“Sudah ada kajian. Bentuknya berupa DRT (dokumen rincian teknis). Ini sebagai syarat untuk memanfaatkan limbah non-B3 terdaftar. Karena ada standar teknis dan kajian untuk mengolah limbah non-B3 terdaftar. Meski sudah bisa dimanfaatkan, tapi harus terlapor, mulai dari timbulan yang dihasilkan dan dimanfaatkan,” jelas Burhanudin saat ditemui, Rabu (14/5/2025).
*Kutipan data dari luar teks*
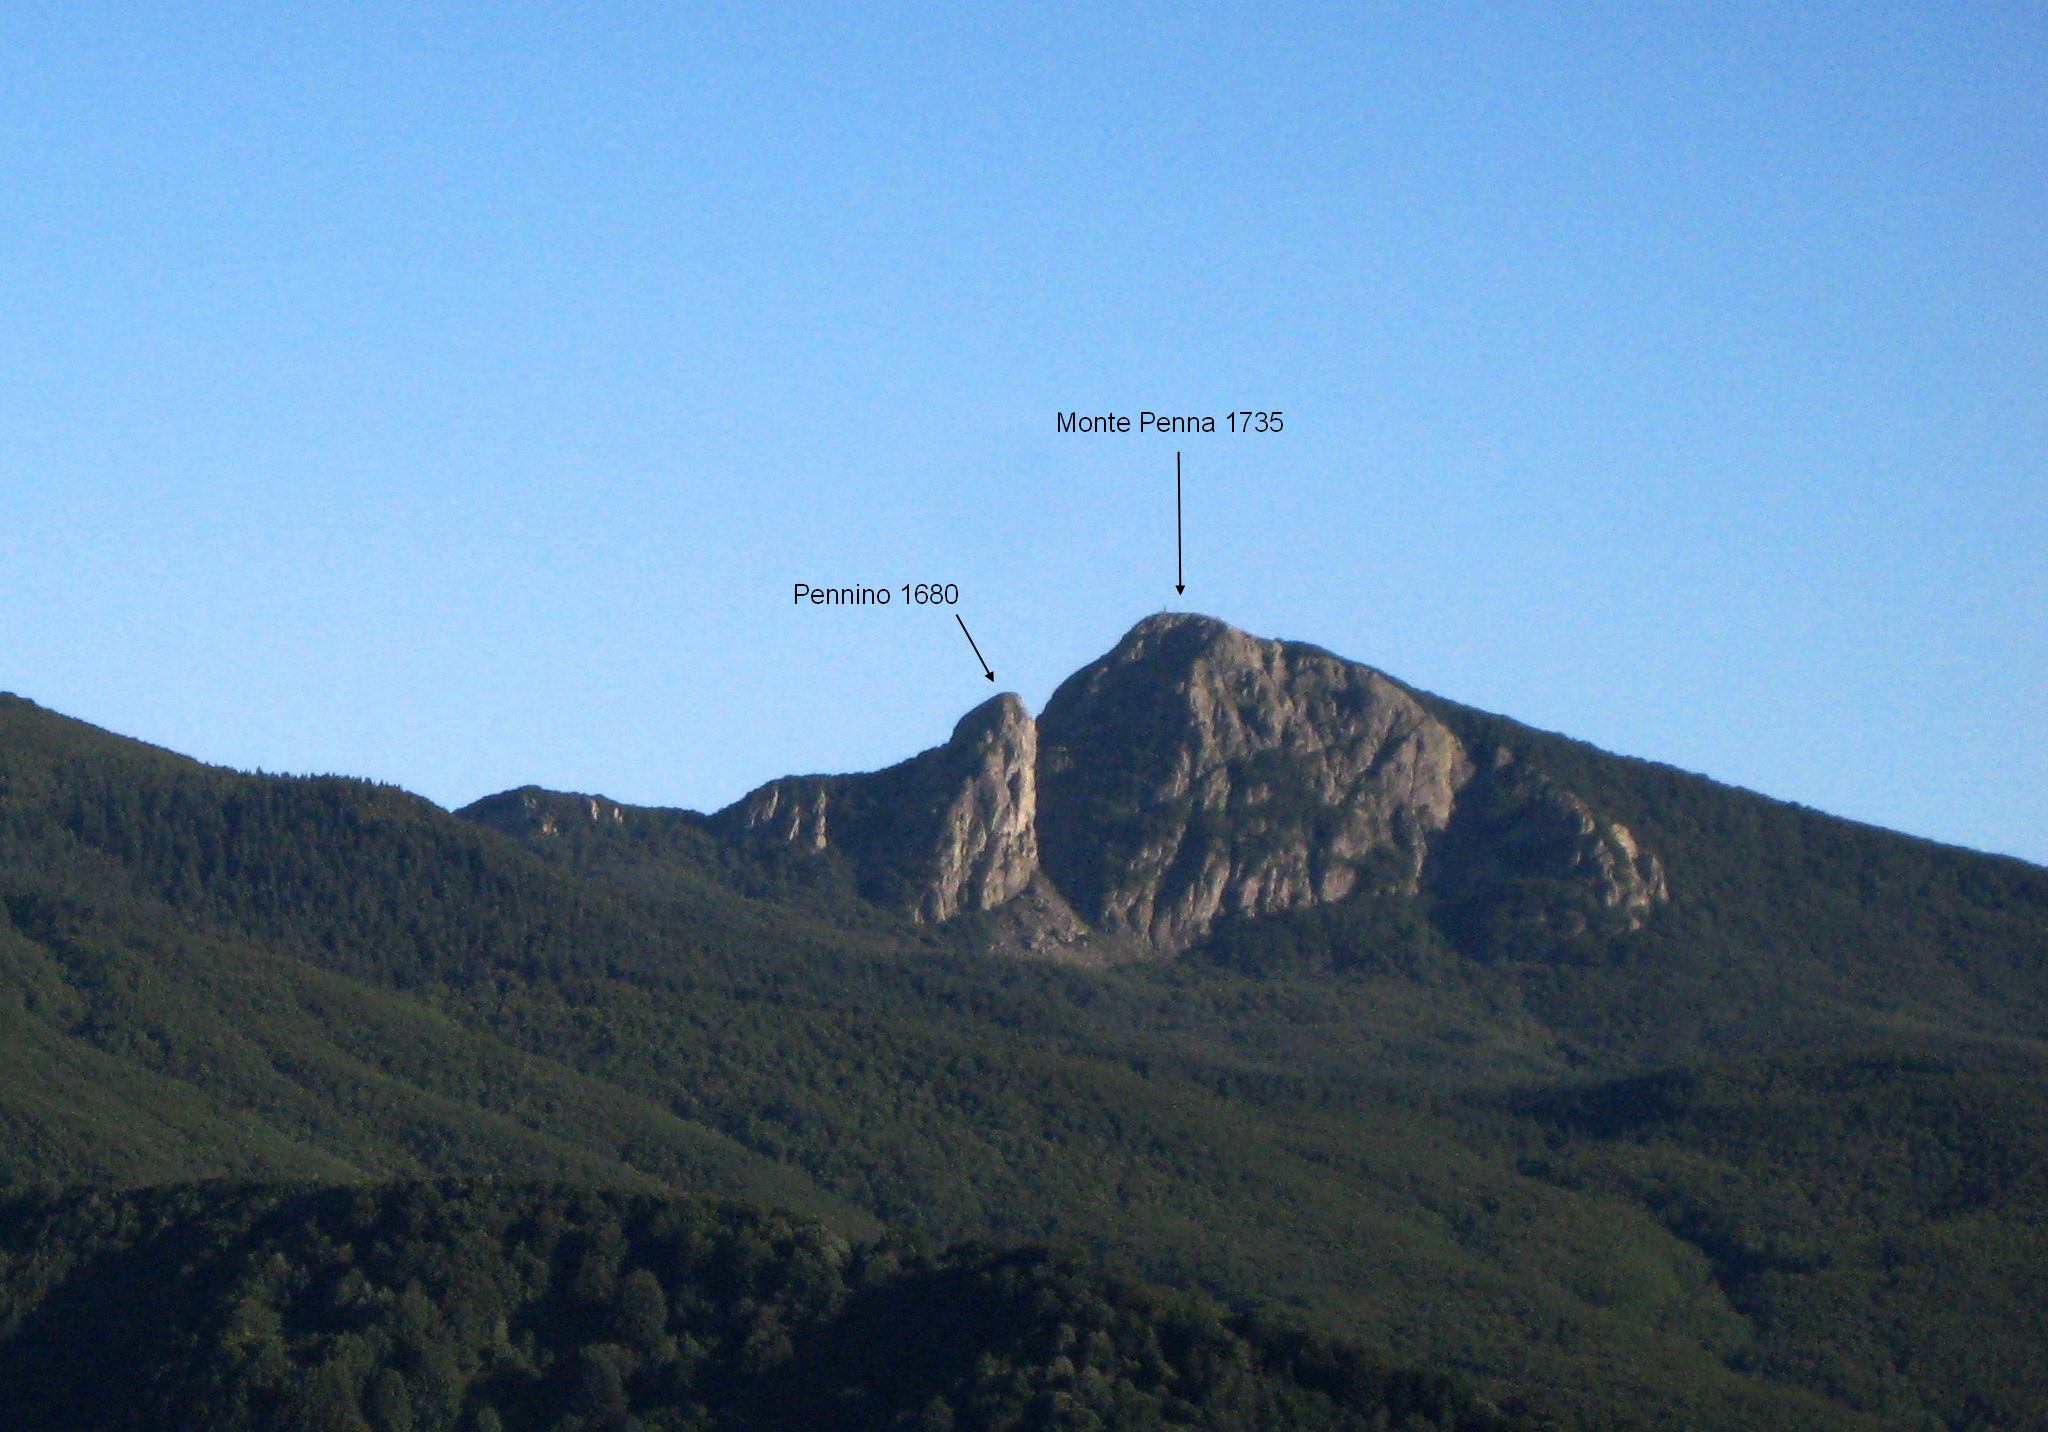 Monte Penna 1735m
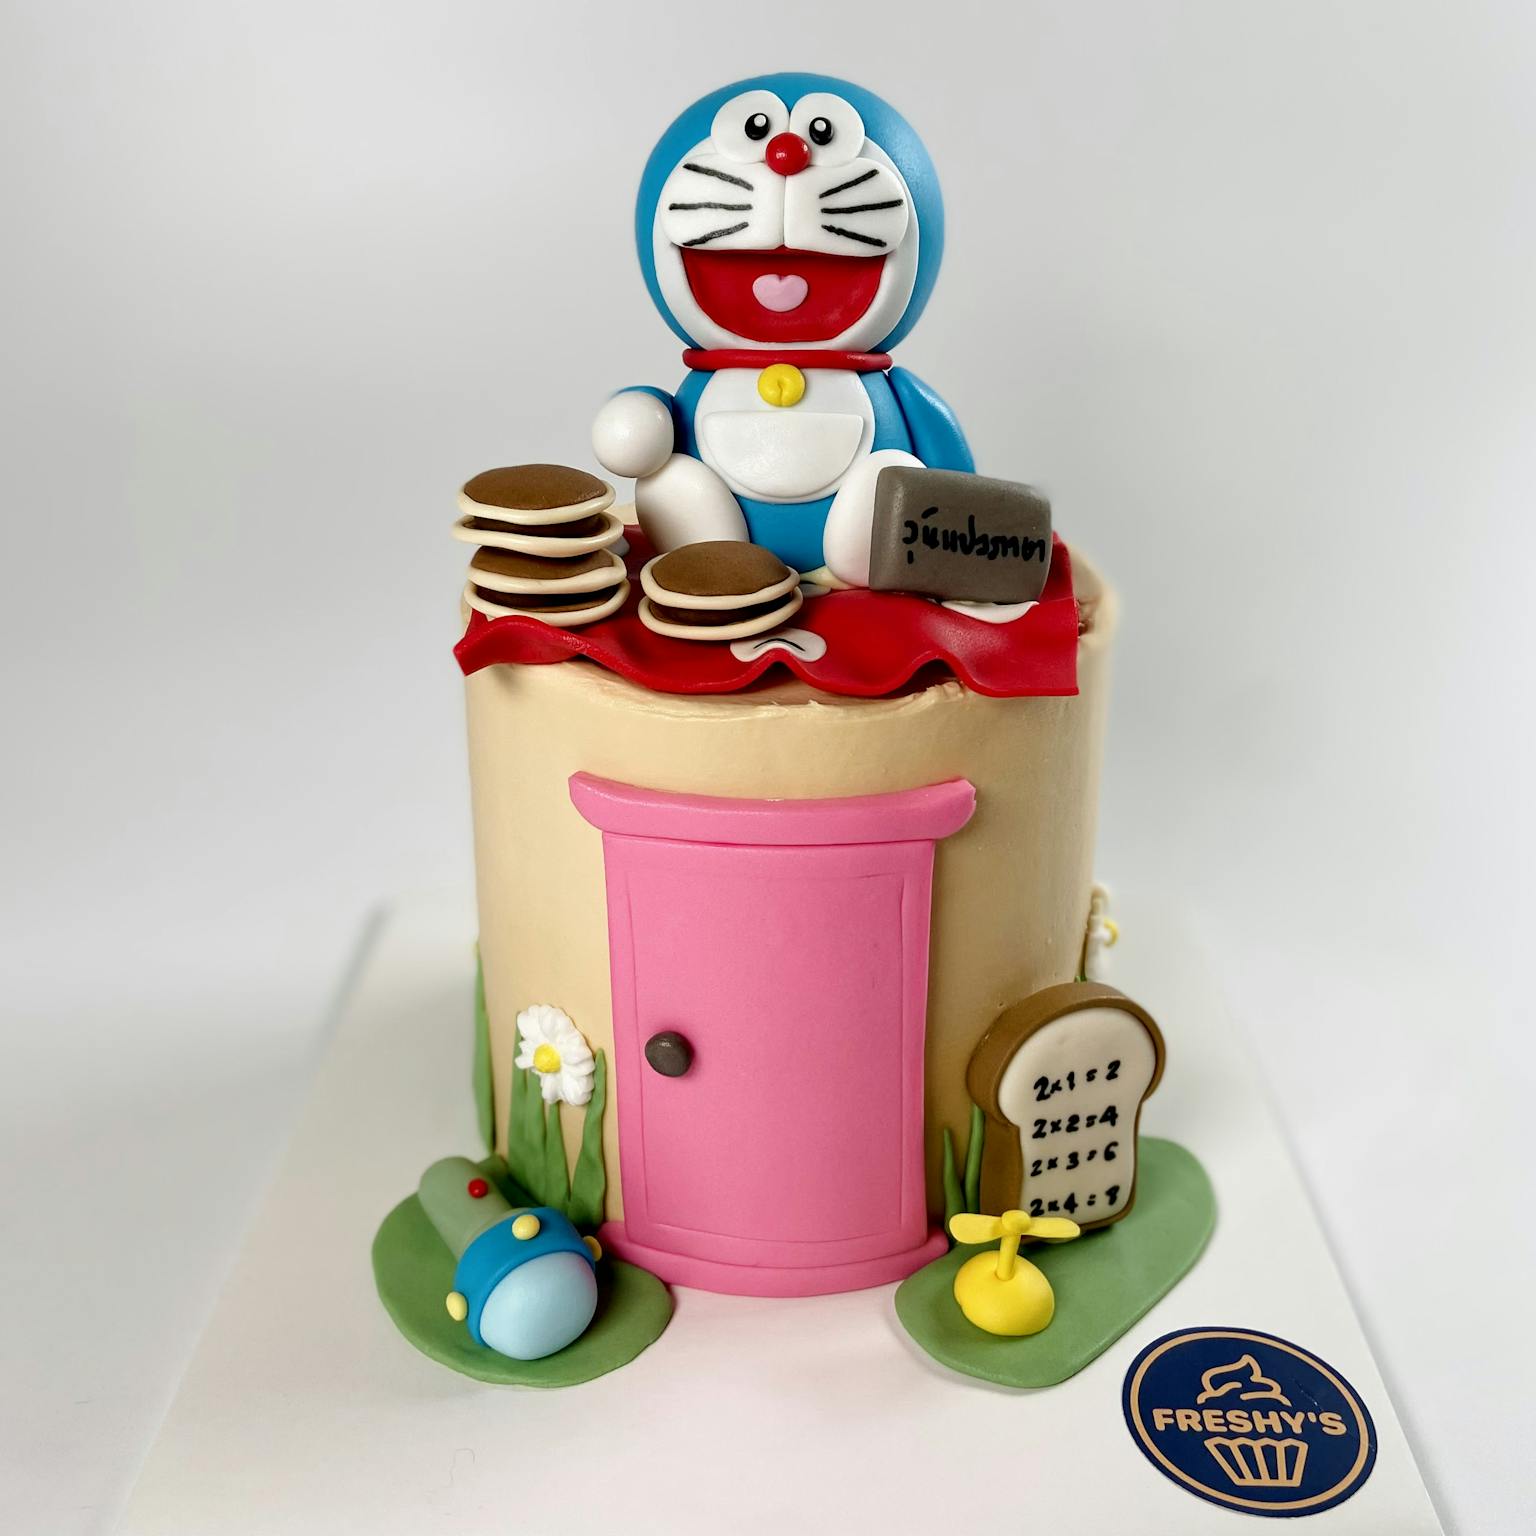 100% edible fondant sculpted Doraemon cake

Sejak 2021, pemerintah telah mengeluarkan 9 (sembilan) jenis limbah B3 ke dalam daftar limbah non-B3 terdaftar. Antara lain slag besi atau baja, slag nikel, mill scale, debu EAF, PS ball, fly ash, bottom ash, spent bleaching earth, pasir foundry (sand foundry). Hal itu tertuang dalam Peraturan Pemerintah Nomor 22 tahun 2021 tentang Penyelenggaraan Perlindungan dan Pengelolaan Lingkungan Hidup.
Pengolahan slag nikel sebagai limbah non-B3 terdaftar, juga tertuang dalam Peraturan Menteri LHK Nomor 19 tahun 2021 mengatur tentang tata cara pengelolaan limbah nonbahan berbahaya dan beracun (non-B3) yang terdaftar.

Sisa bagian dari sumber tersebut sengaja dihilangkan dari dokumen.